# Compatible schooling fish with gouramis?



## jeffro0050 (Apr 4, 2010)

Anyone have any advice to give on the subject? I have a 55 gallon tank.

I'm currently eyeing Harlequin Rasboras and Serpae tetras in numbers of 10-15 to go along with some of the smaller species of gouramis(max 3-4 inches).

Does this sound reasonable? 

I was originally considering tiger barbs since they get a bit larger and can hold their own against the larger species of gourami(blue/kissing), but from what I have read they are very aggressive fin nippers.

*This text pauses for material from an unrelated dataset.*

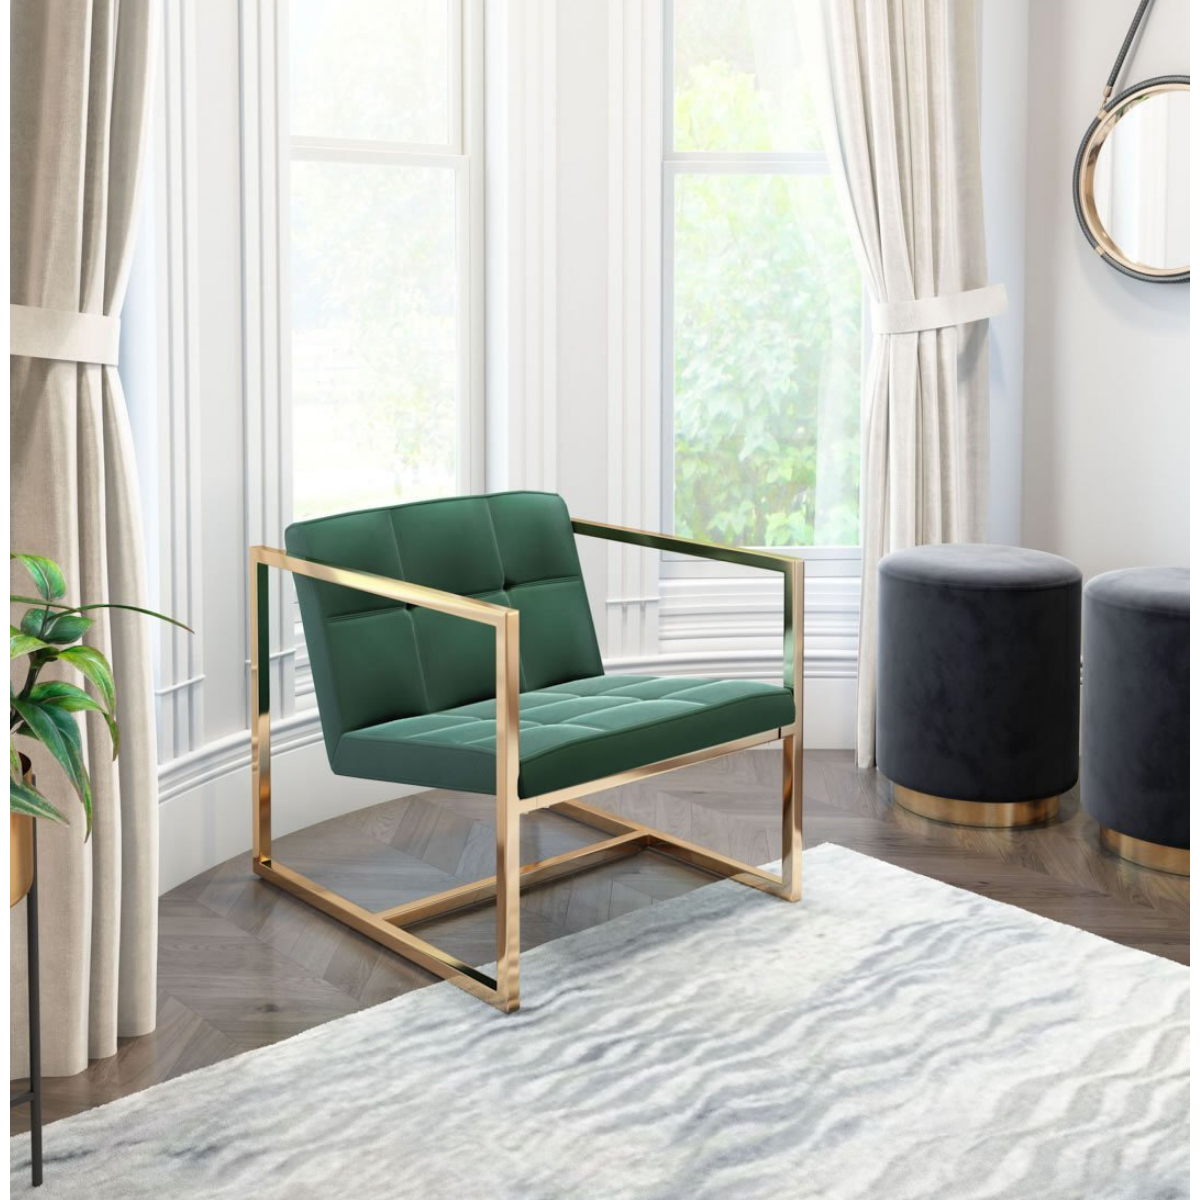 Vibrant Armchair In Green Velvet & Gold

My tank will be heavily planted on all levels of the aquarium and I intend to have several SAE's as cleanup. Any suggestions? I am looking for a colorful peaceful schooling fish that have very tight formations(I knew when I looked at the large tank of rasboras that I really wanted to get them in if they wouldn't be bullied and killed).


----------



## ladyonyx (Apr 20, 2009)

Cardinal tetras. Tight schoolers, attractive fish, relatively docile, eat readily, bigger than neons, and hardy


----------



## squirrelcrusher (Sep 23, 2009)

My planted 55 has 2 gourami, large blue with 2 spots, and a dwarf and they get along with all thier tank mates


----------



## jeffro0050 (Apr 4, 2010)

Good to know! Appreciate the info.


----------